# Data extract:
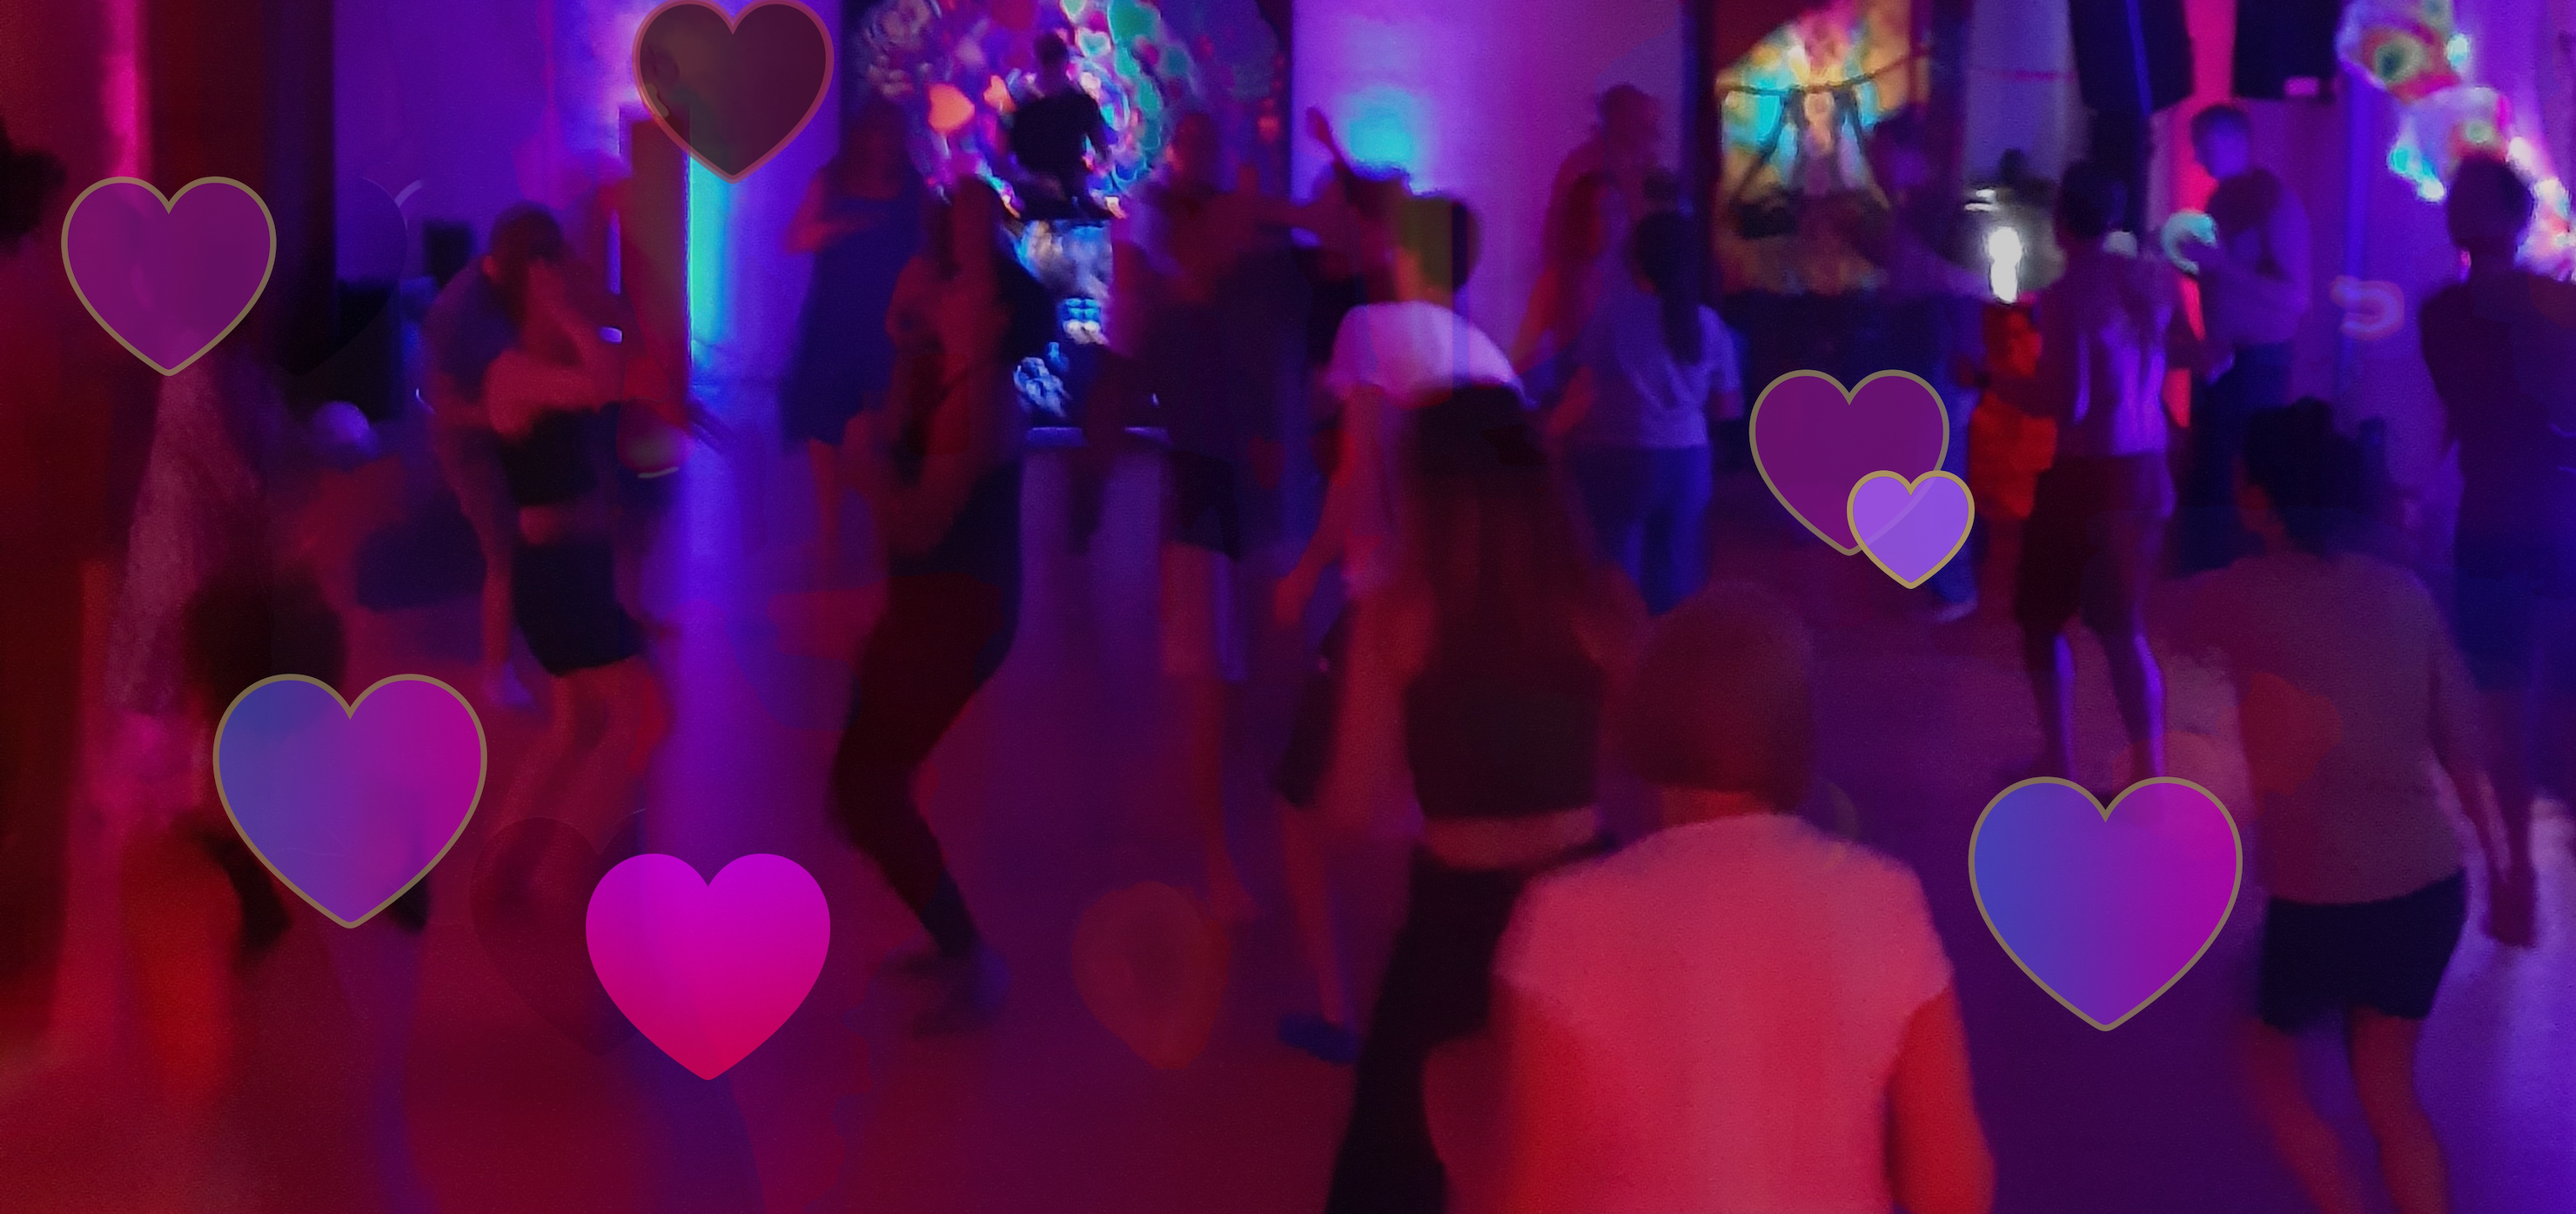 A dance floor with dancing people, overlaid with hearts.
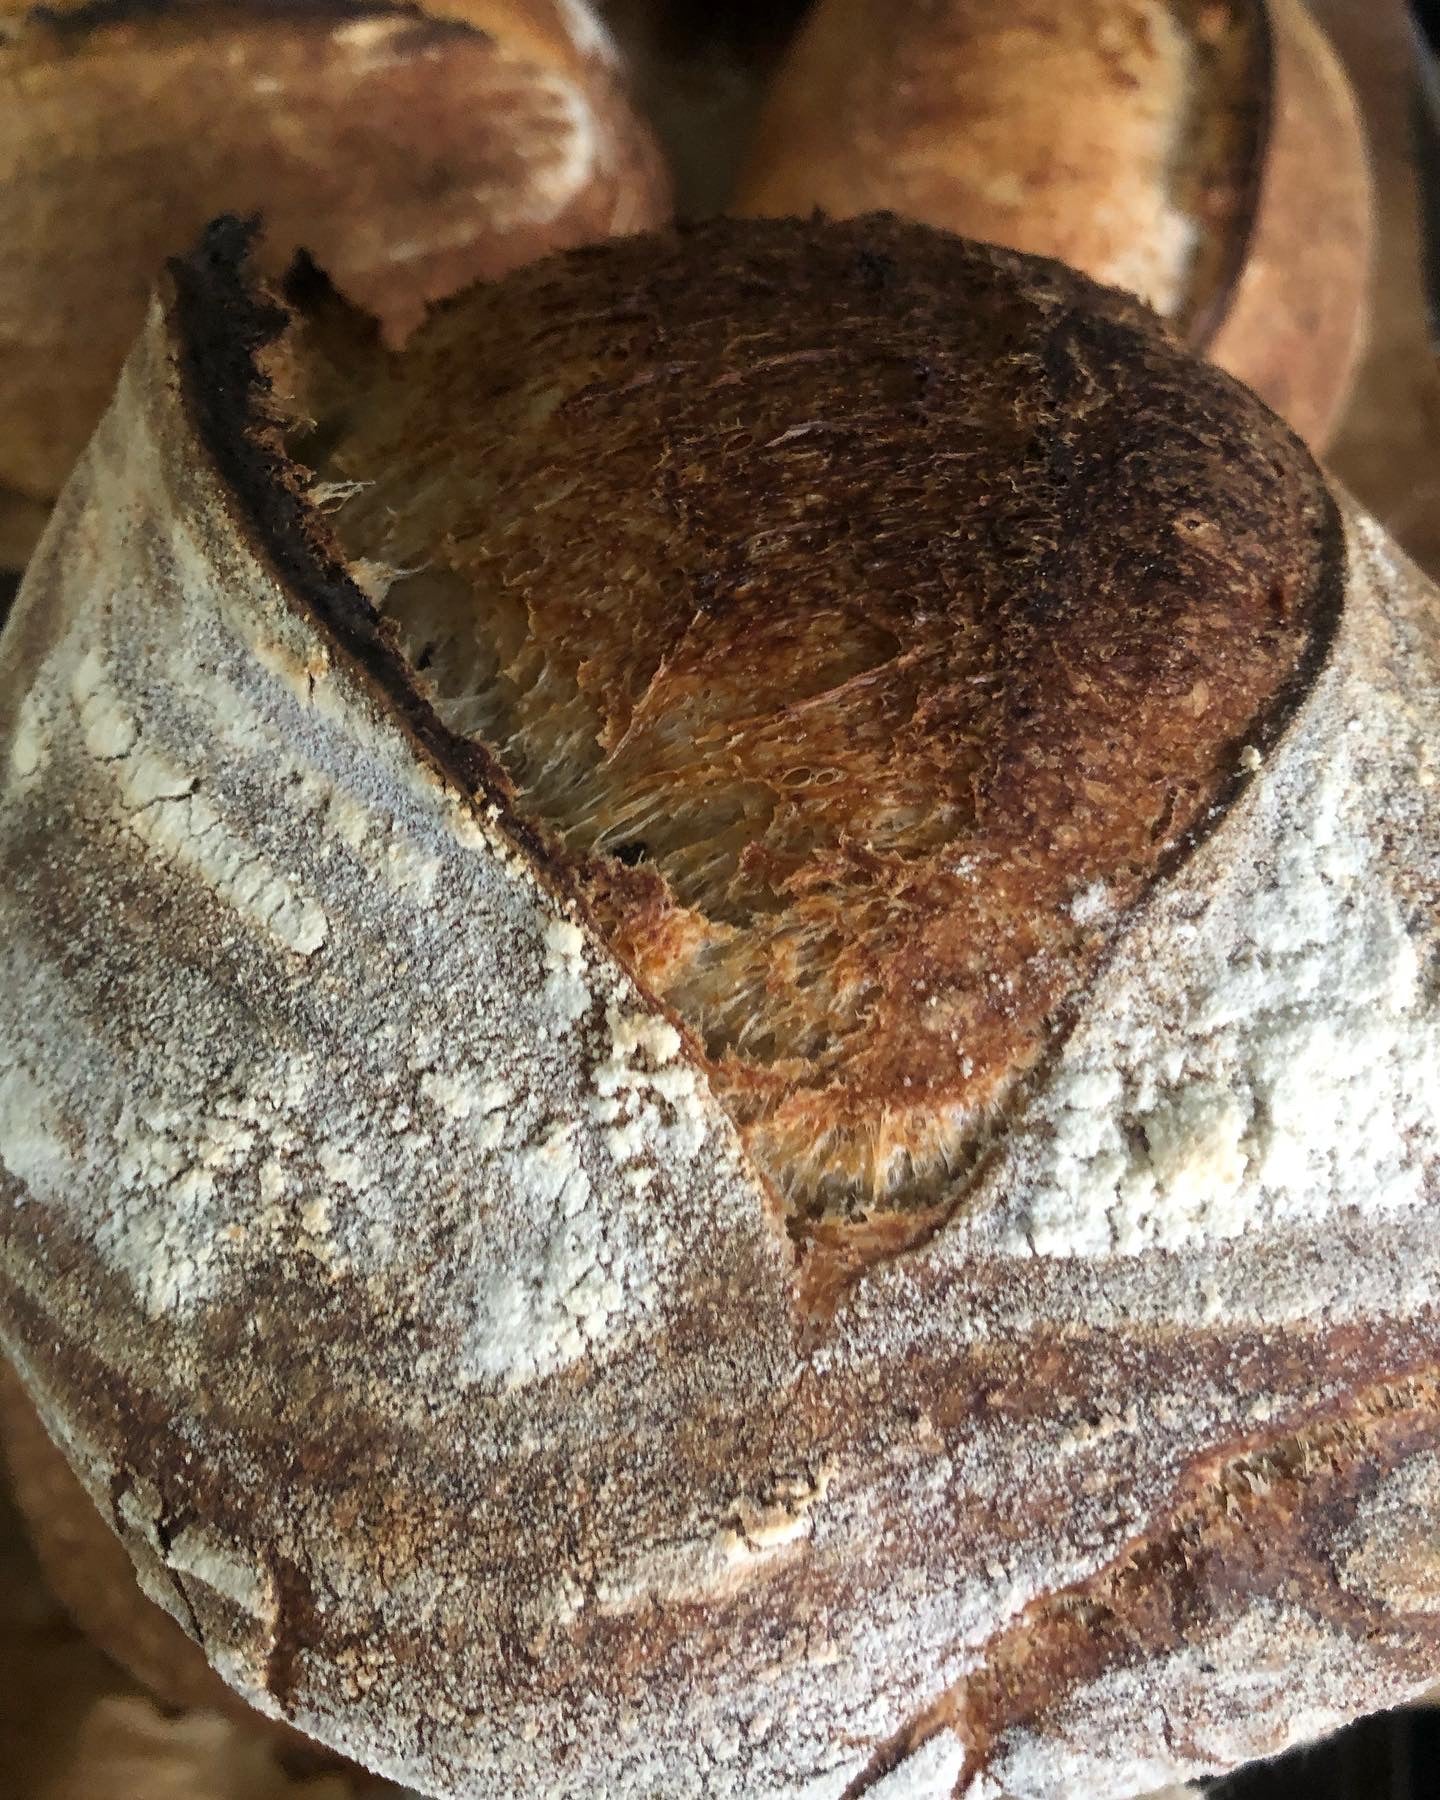 WED September 27 Crusty Country Sourdough Porch Pick up 4-9pm OR Lee Road 5-9pm
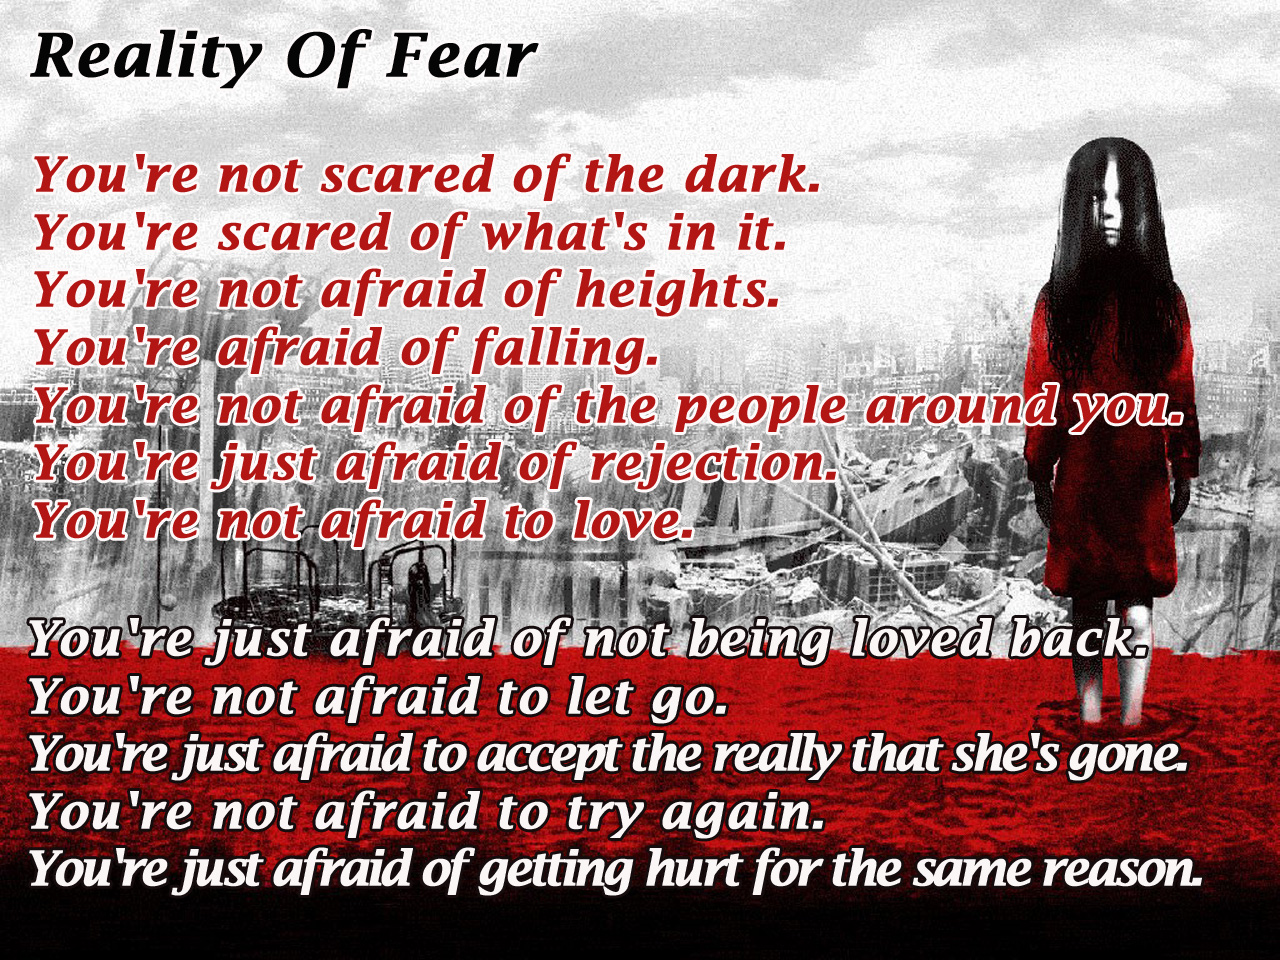 You re scared. Frightened of scared of afraid of. What are you scared of. Afraid of heights. You scared?.

# Task to carry out:
This task calls for an exact copy of the data above, without pictures.

# Output of the task:
 A dance floor with dancing people, overlaid with hearts.
 WED September 27 Crusty Country Sourdough Porch Pick up 4-9pm OR Lee Road 5-9pm
 You re scared. Frightened of scared of afraid of. What are you scared of. Afraid of heights. You scared?.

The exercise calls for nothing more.